Though we do flinch. From the sounds and vibrations coming out of the hefty speakers on the floor on either side of the picture rail separating the gallery. These are deep sounds, making real the electronic path that separates them from the visitor. It may be a droning ambient sound, but in reality it punctuates the space with jolts rather than submerging it. Fragmented, on then off again, the sounds seem to expand at the rate of the projection of video text. In turn, the video blanks and phrases trigger fragments of powerful surges whose duration is precisely timed to the projection, as are the silences that frame them. It’s not clear if the sound triggers the appearance and disappearance of text, or the other way around. Little by little signs of cause and effect begin to appear, though it defies logic since aside from the visitor there is no other élément déclencheur.

In addition to listening and managing his way through the exhibition (apart from the artist’s path), the visitor begins to get the impression of “being” the élément déclencheur—like with motion sensor lights or radio reception that gets interrupted. The visitor is literally at the center of ‘Con-trac-tion, con-signe’ (Con-trac-tions, Ins-truc-tions), 2016, in the middle of a ping pong game between two speakers, between two voices whose words and phrases are literally being deconstructed. It’s a rapid fire and tense match, it twitches, it whistles. It strikes the way voices strike on syllables that have been displaced. It tenses up, it stretches out. The editing is uneven, the position of the visitor relatively static though hardly at ease: trapped by both voices bouncing off each other, thwarting the visitor’s words, rendering him breathless, controlling his own breathing and listening according to what he hears. And if he does regain the control to listen, actively, with ‘Elle me parle’ (She speaks to me), 2016, the visitor is no less an outsider to what is going on, a helpless listener. But truly helpless? At once silenced, (the intercom only works one way), there are nonetheless eyelids for the ears: a finger on the button of the intercom can turn on and off the sound, controlling the duration, creating long or short bursts—blinking the ears, or closing them.

Pressing the button opens the door to another space, an inaccessible one. An “elsewhere.” A woman is having a conversation with a mysterious interlocutor whose voice (as is always the case with Petitgand) we never hear. The woman is busy while she speaks, perhaps in the kitchen. Ultimately that doesn’t matter. What is important is the degree to which the journey of sound joins that of the body and the psyche. As Lacanians would say “to hell with etymological truth”—in the terms interlocutor and elocution, there is location, and locus.

And speaking of etymology, the French verb “déclencher” (to set off, to trigger) comes from the noun “une clenche” which is French for the latch of a door handle.
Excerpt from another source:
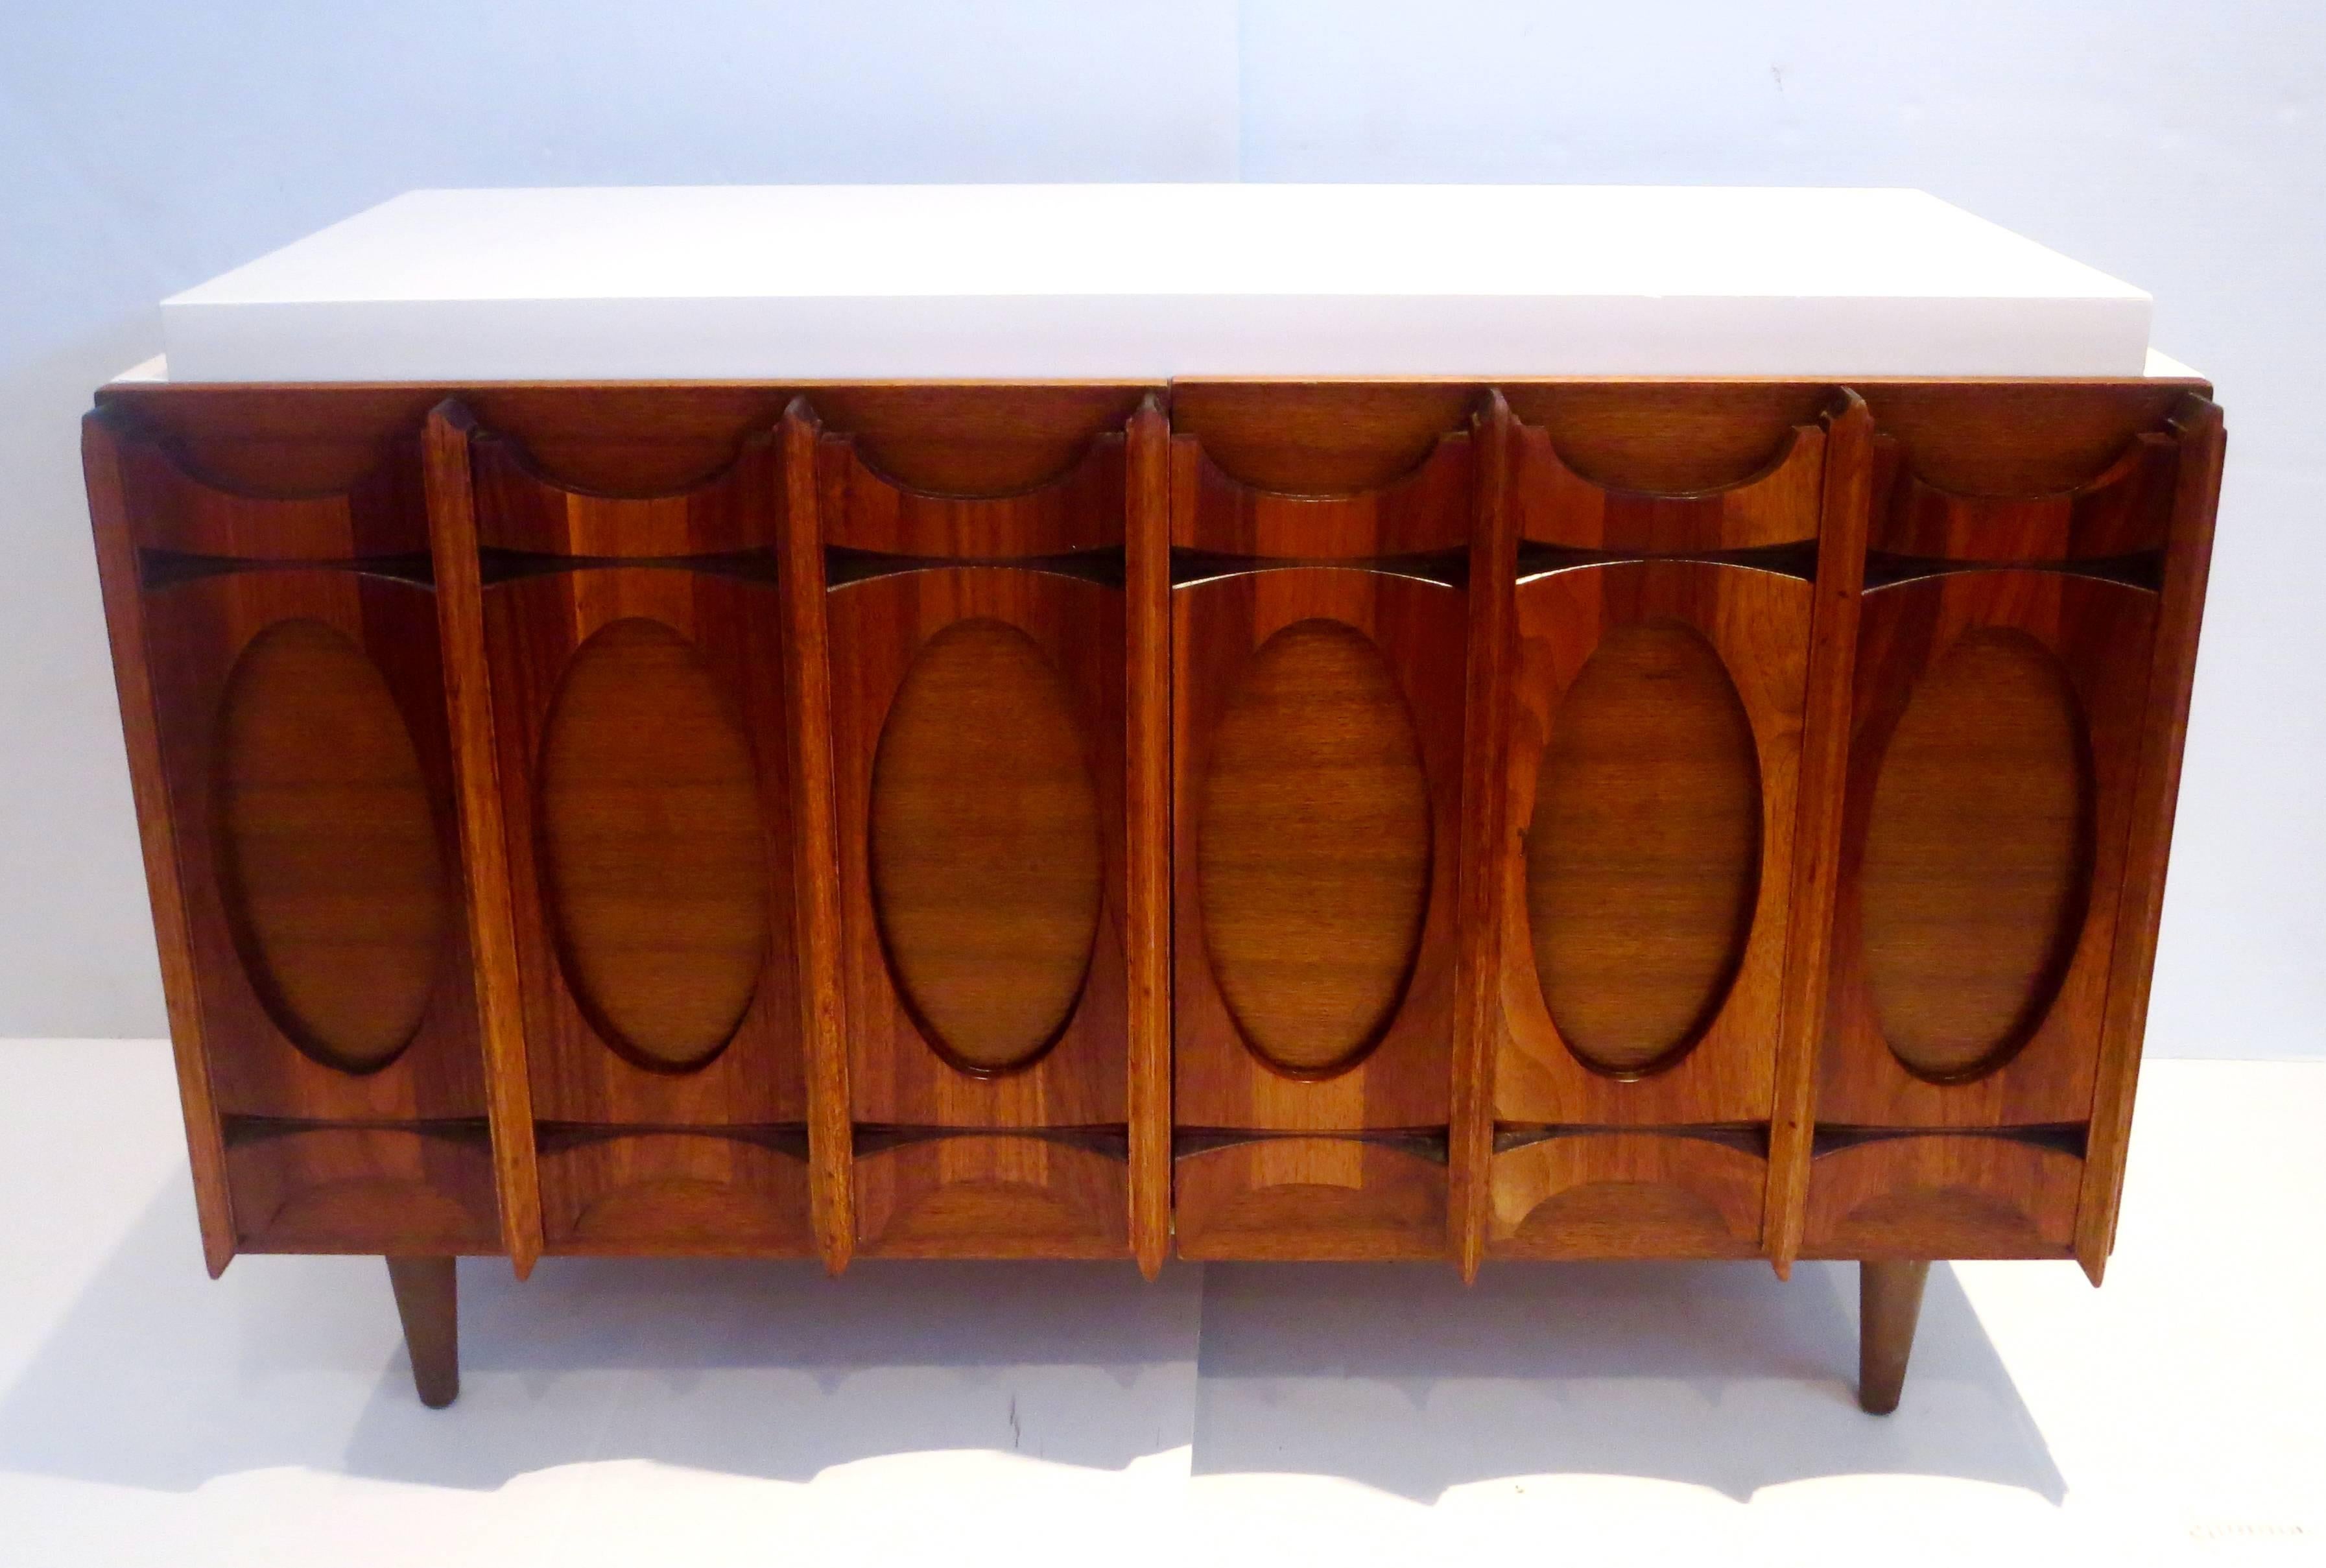 20th Century 1950s American Modern Cabinet with Sculpted Walnut Facade and White Lacquer
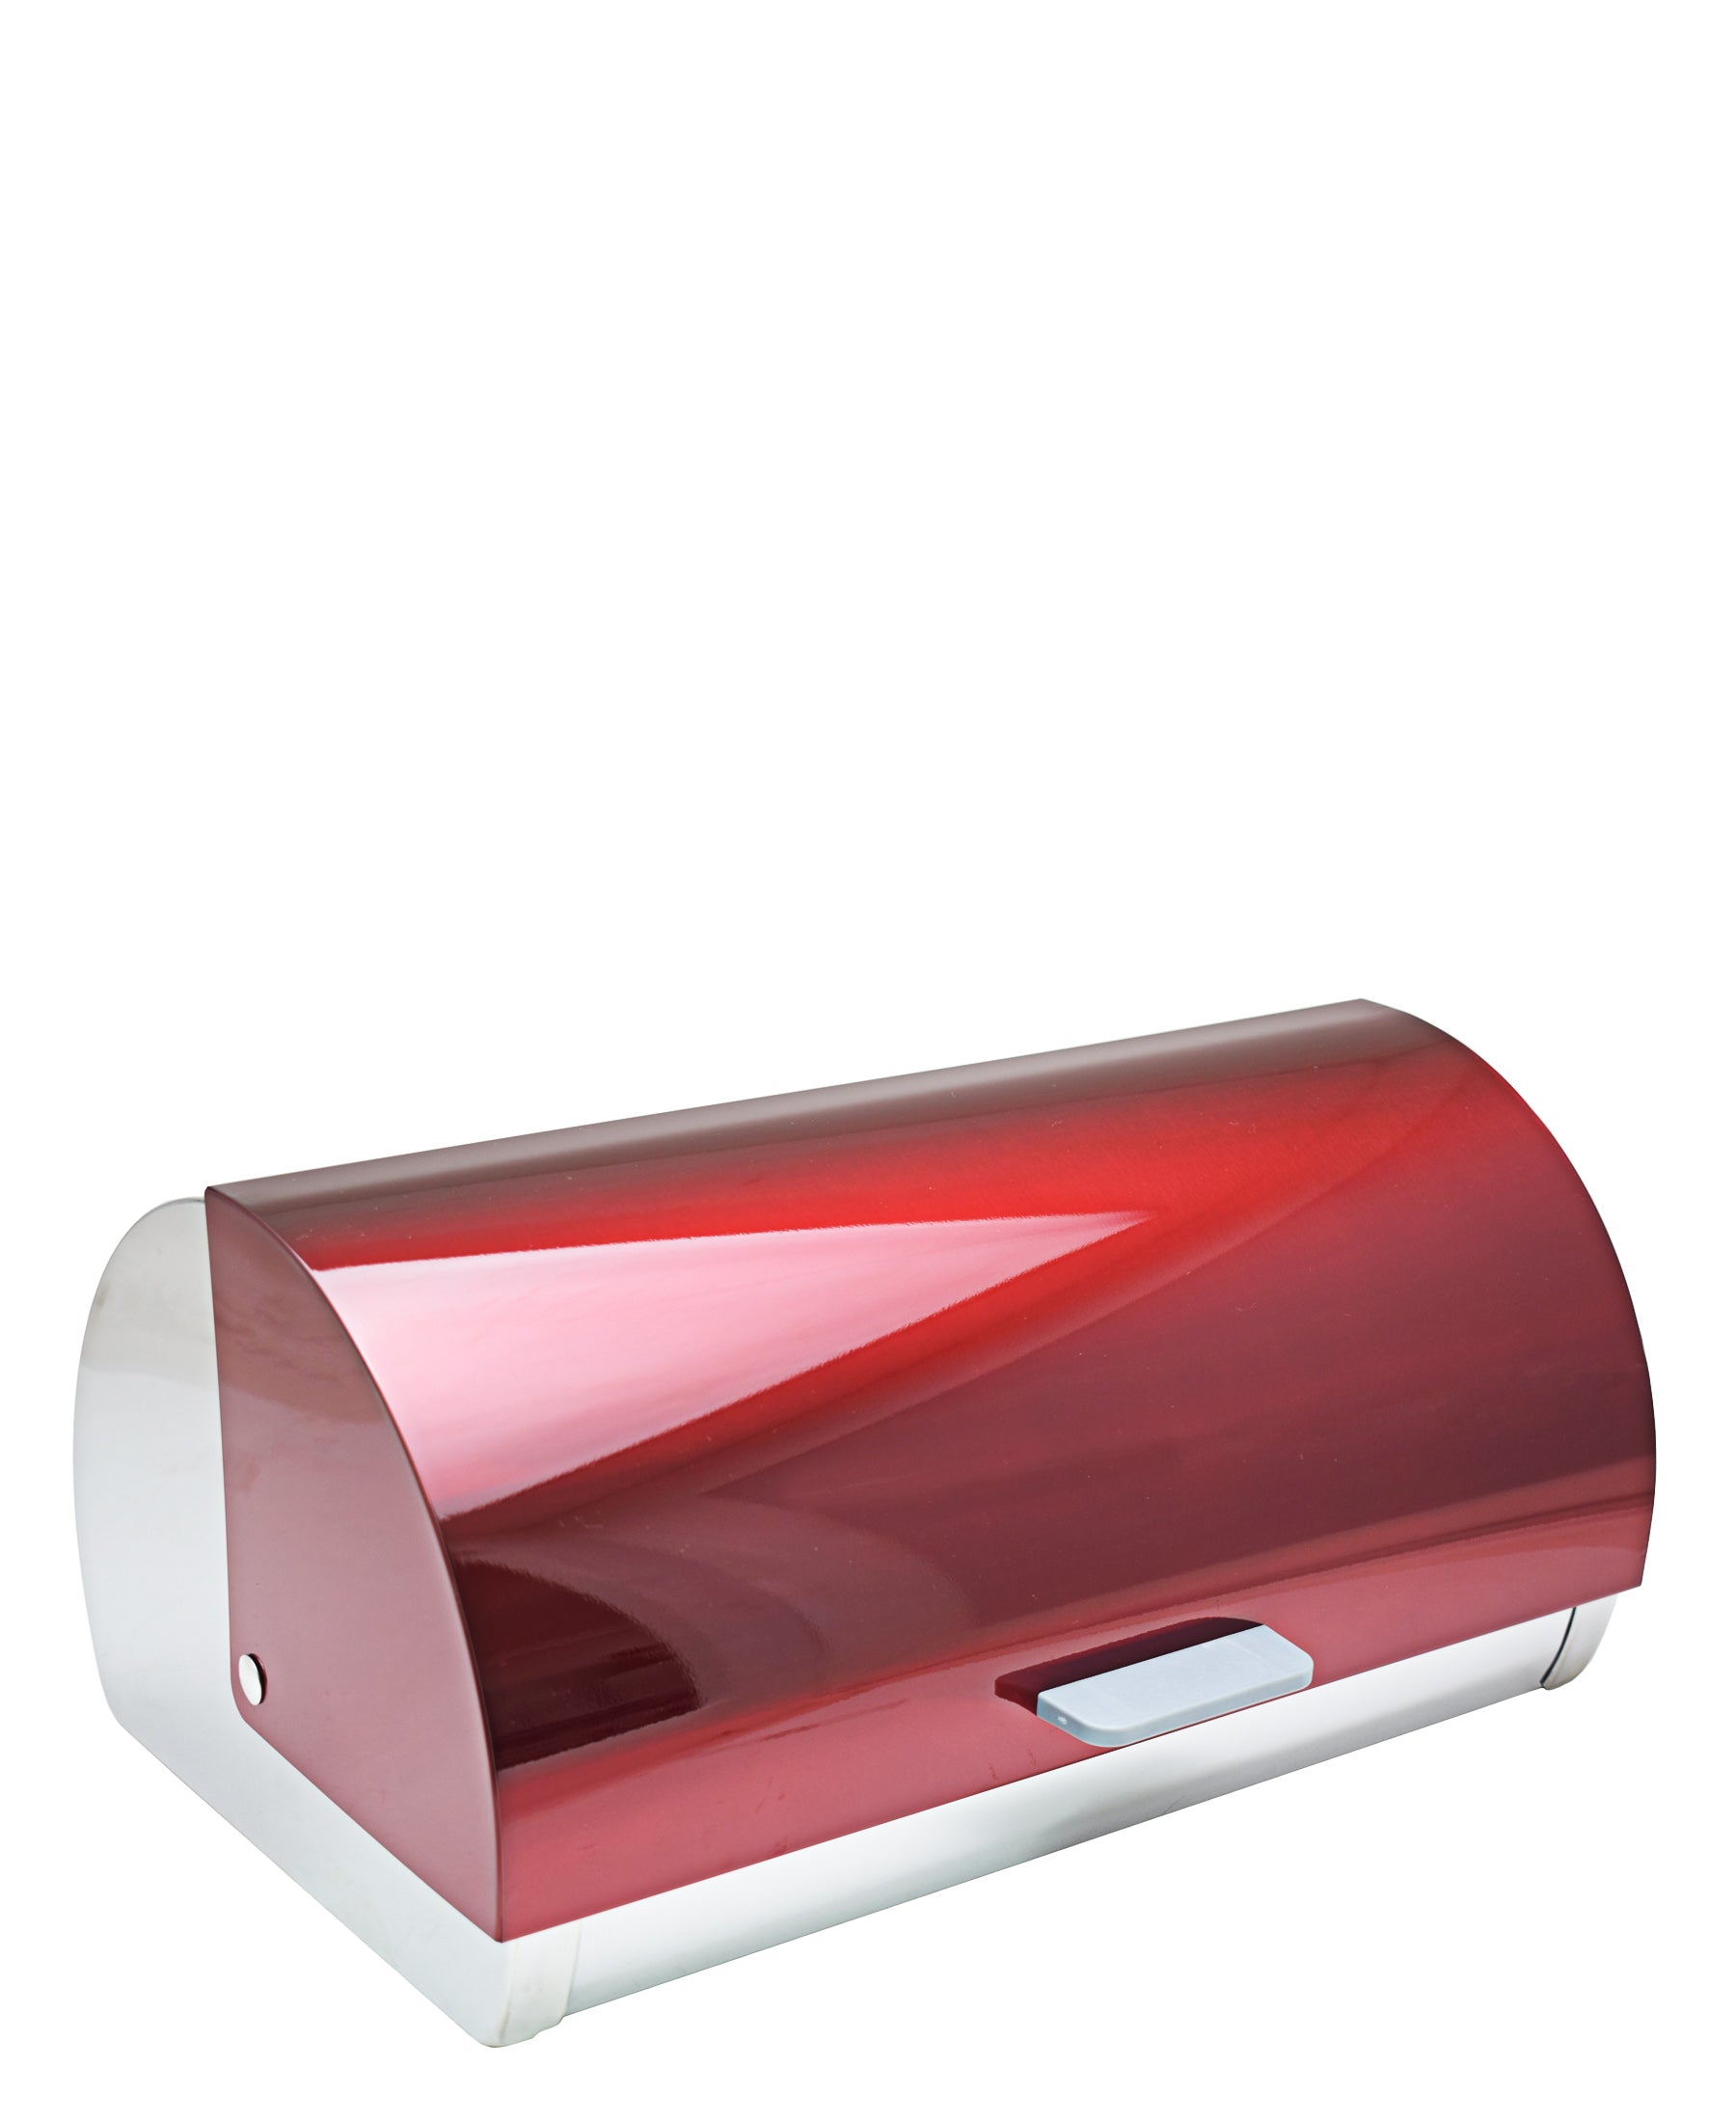 CTH Stainless Steel Bread Bin - Red

So by releasing the latch and opening the door, “déclencher” means moving into a different space, an elsewhere. Thus it shouldn’t be a surprise that in French slang the word also means to bitch or rant: opening the door of words.

Marie Cantos


  1. “je prends un raccourci” (I use a shortcut) is also one of the texts visitors see while watching the projection in the installation “Les lettres blanches.” 

  2. For example: “sur la pelouse,” “je me déplace,” ou “je rebrousse chemin” (on the grass, I move, or I turn back). And even “la lumière baisse” (the light dims) at the end of the piece, as if to show how time passes from wandering this way. 

  3. L’ars memoriae, “the art of memory” also known as the Method of Loci is a mnemonic device from antiquity and taught for centuries to orators in universities: memory palaces enhanced memorization through the visualization of images in a specific location. Items to be remembered are associated with specific physical locations along a specific route which is familiar and easily recalled. Items are thus remembered by mentally following the route. 

  4. This arrangement is above all meant to differentiate the text from the subtitles the artist includes in installations abroad, but at the same time refers to the intimacy of reading (as opposed to white letters on a dark or colored background in film or other images), and it also allows contact with the imagination before becoming conscious of it.